Concernant leur champ d’application, ces contrats s’étendent aux professionnels de santé libéraux, ceux exerçant au sein d’établissement de santé, ceux exerçant à la fois au sein d’établissements de santé et en tant que libéral et enfin les remplaçants desdits praticiens.

Après avoir précisé ces éléments préliminaires, il convient de s’intéresser à l’étendue même de la garantie dans le temps et en montant.
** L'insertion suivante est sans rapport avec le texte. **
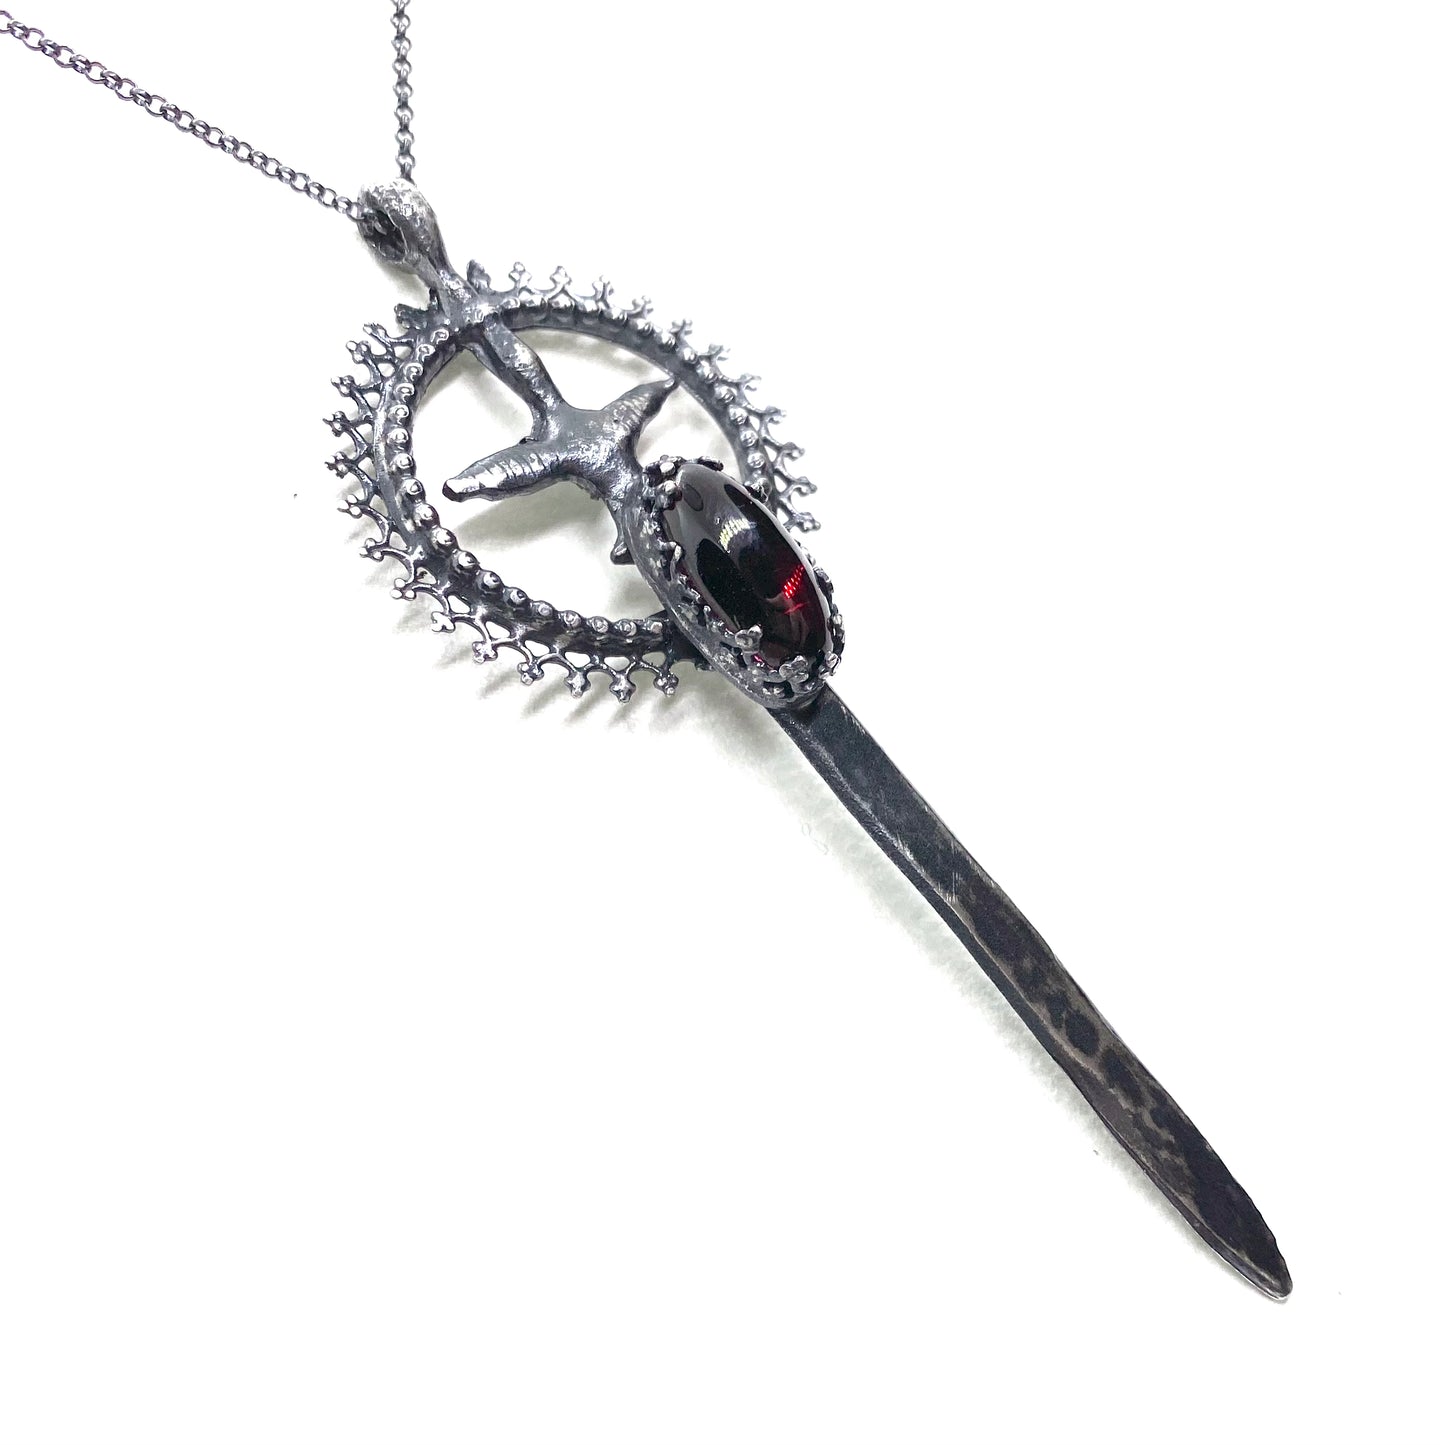 Excalibur Sword Necklace in Sterling Silver and Garnet

B) L’étendue de la garantie

1) La limitation dans le temps

a) La reprise du passé inconnu

L’article L 251-2 alinéa 3 du code des assurances prévoit que tout contrat d’assurance conclu en application de l’article L. 1142-2 du code de la santé publique garantit l’assuré contre les conséquences pécuniaires des sinistres pour lesquels la première réclamation est formée pendant la période de validité du contrat, quelle que soit la date des autres éléments constitutifs du sinistre, dès lors que le fait dommageable est survenu dans le cadre des activités de l’assuré garanties au moment de la première réclamation. Il s’agit de la reprise du passé inconnu par l’assureur délivrant le contrat en vigueur, notion sujette à débat.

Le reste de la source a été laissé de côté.